**WHAT YOU NEED TO DO**
Reproduce the listing in full, pictures excluded.

**GIVEN DATA**
──────

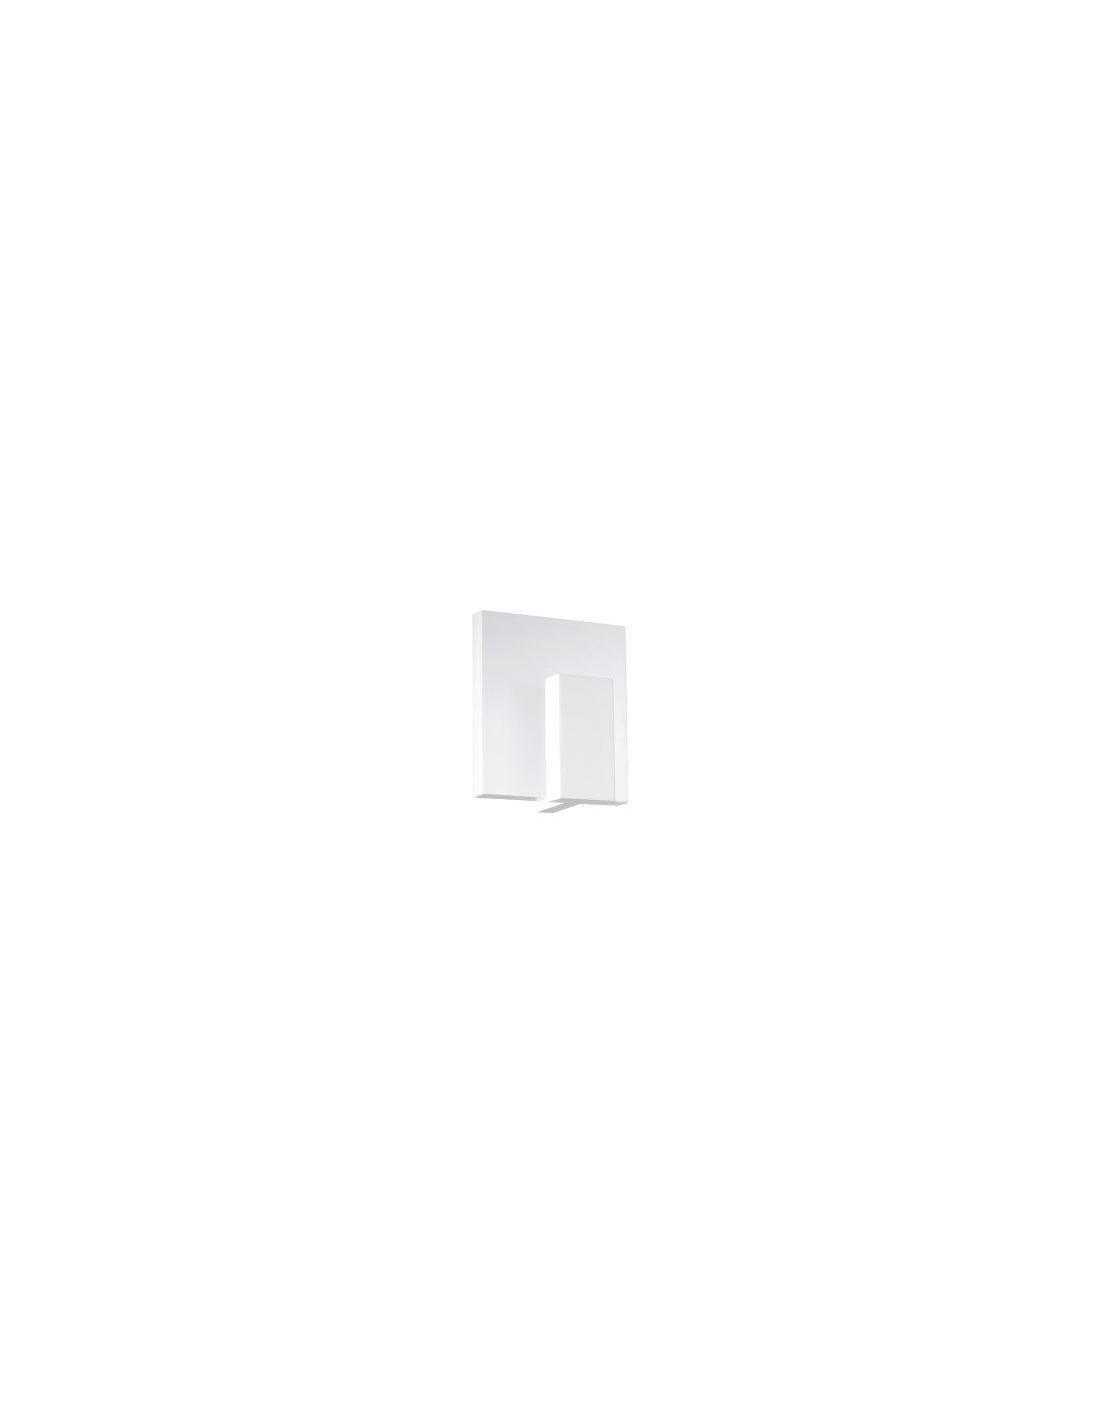 LAMPE OD-LED-WL/2 white 'PARDELA' - EGLO - 1
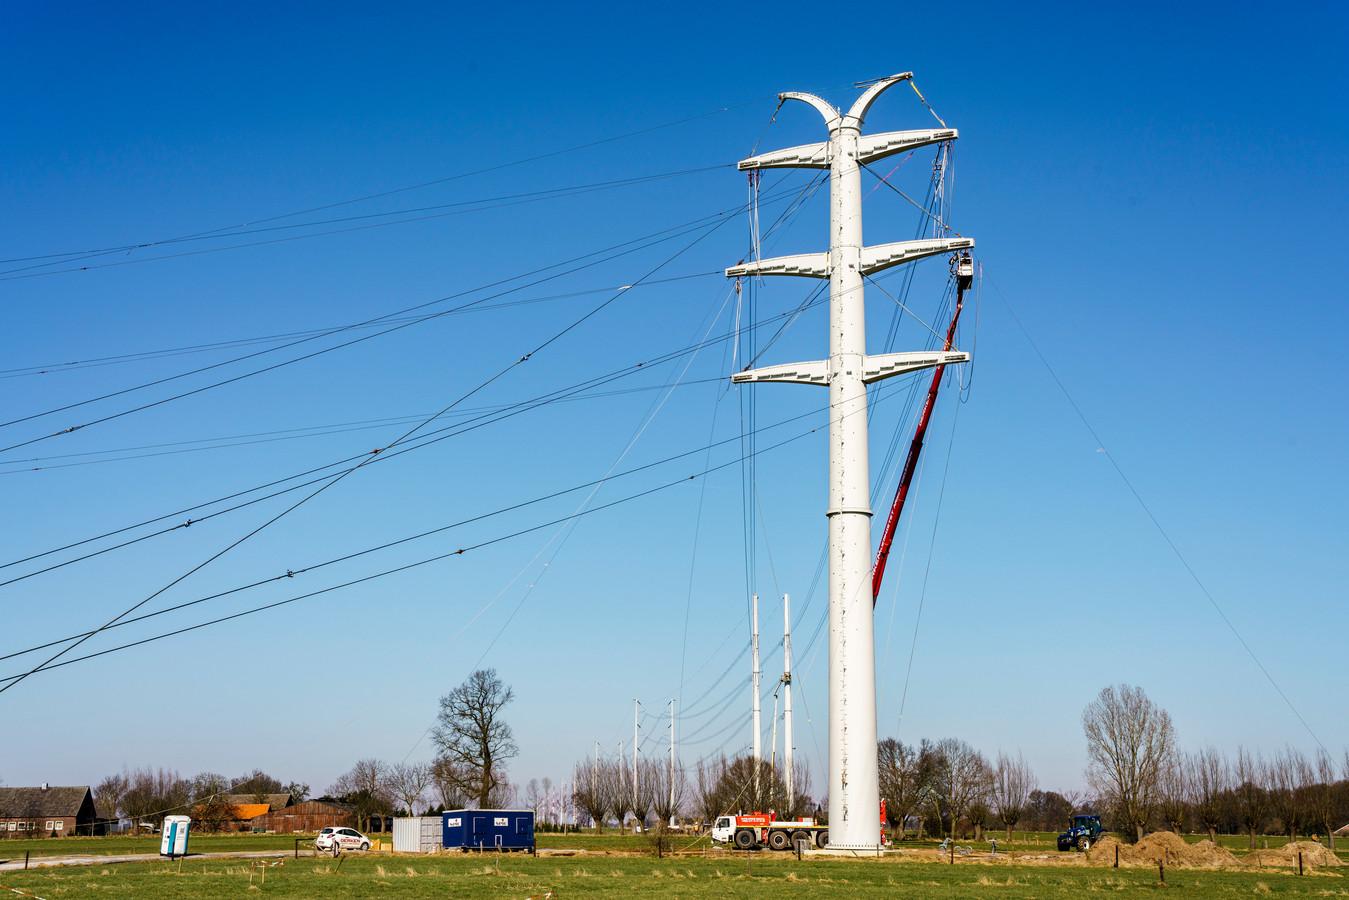 De 380 kV-hoogspanningsleiding Doetinchem-Wesel op het punt waar deze de grens met Duitsland passeert.
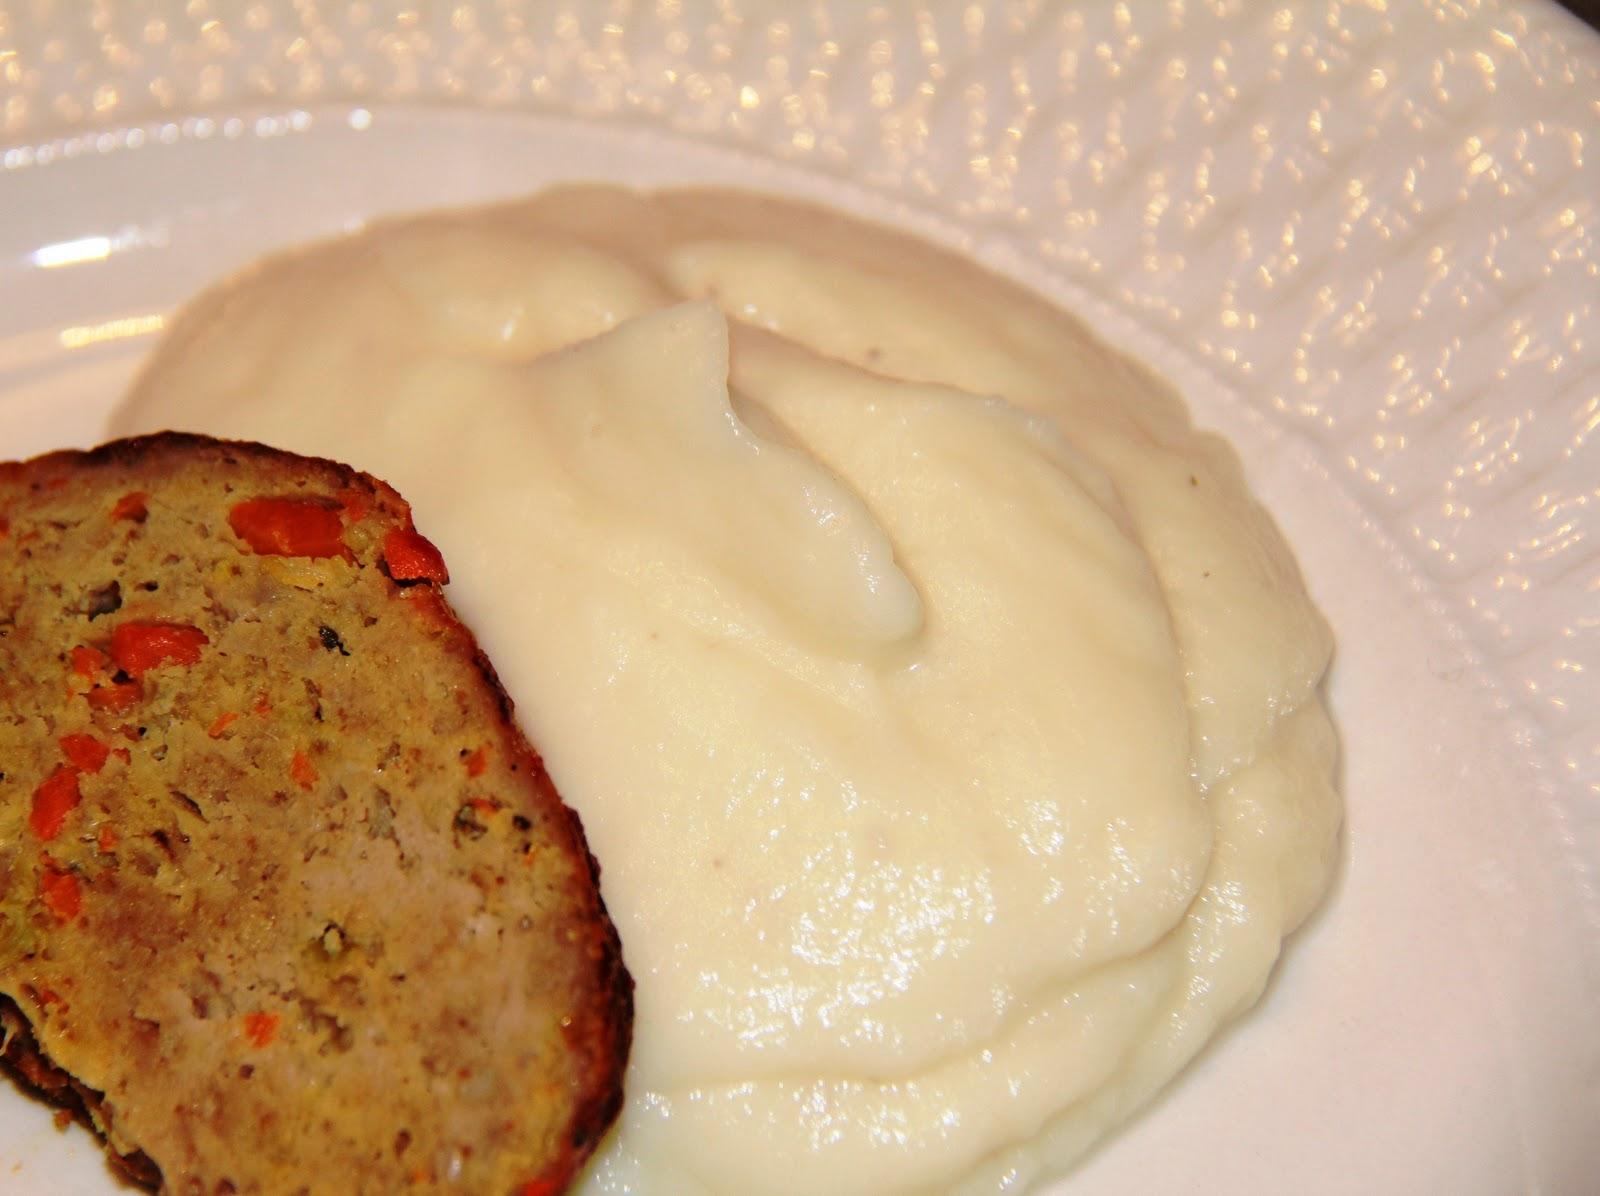 ... Kalonji Gobi Aloo Recipe Cauliflower Potato Stir Fry with Nigella
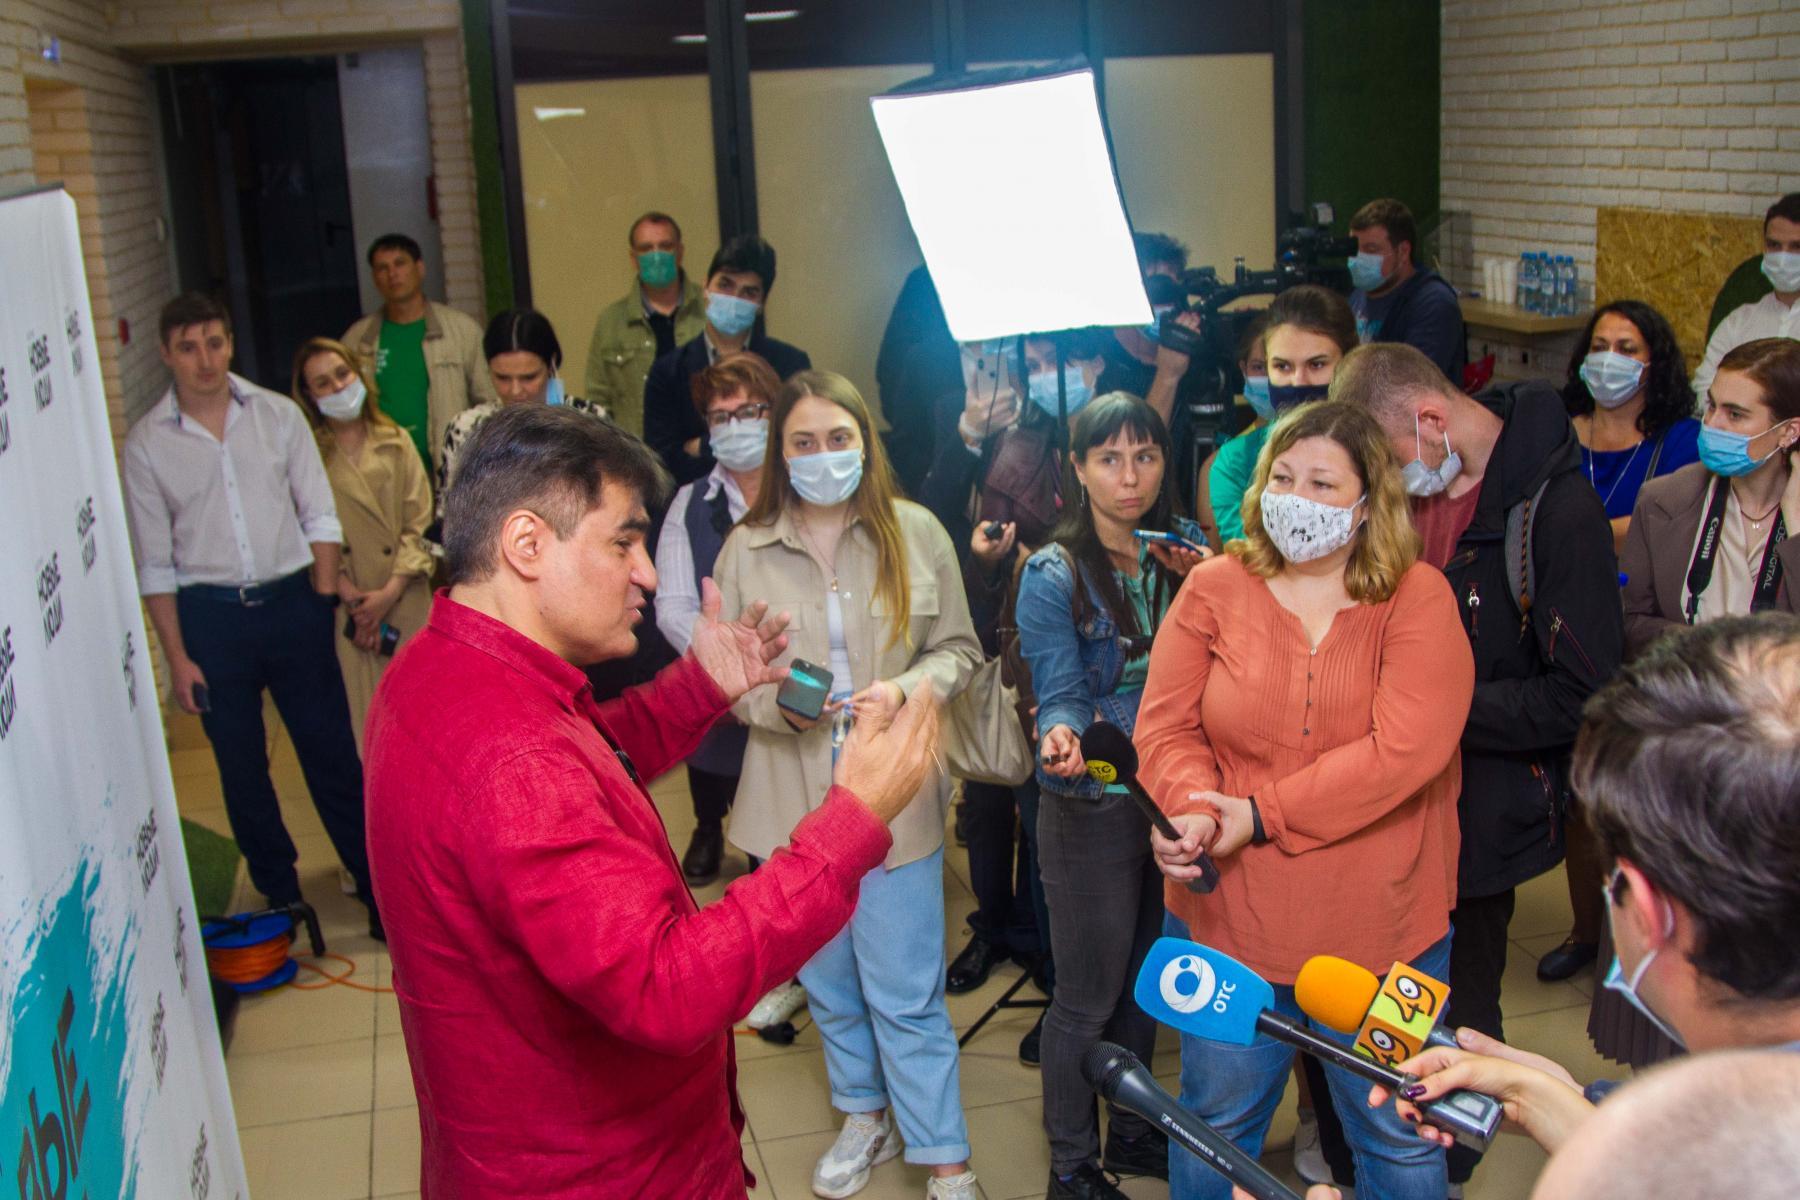 фото С фуршетом и без социальной дистанции: политическая партия устроила большую пресс-конференцию во время пандемии в Новосибирске 4

──────

**TASK OUTPUT**
 LAMPE OD-LED-WL/2 white 'PARDELA' - EGLO - 1
 De 380 kV-hoogspanningsleiding Doetinchem-Wesel op het punt waar deze de grens met Duitsland passeert.
 ... Kalonji Gobi Aloo Recipe Cauliflower Potato Stir Fry with Nigella
 фото С фуршетом и без социальной дистанции: политическая партия устроила большую пресс-конференцию во время пандемии в Новосибирске 4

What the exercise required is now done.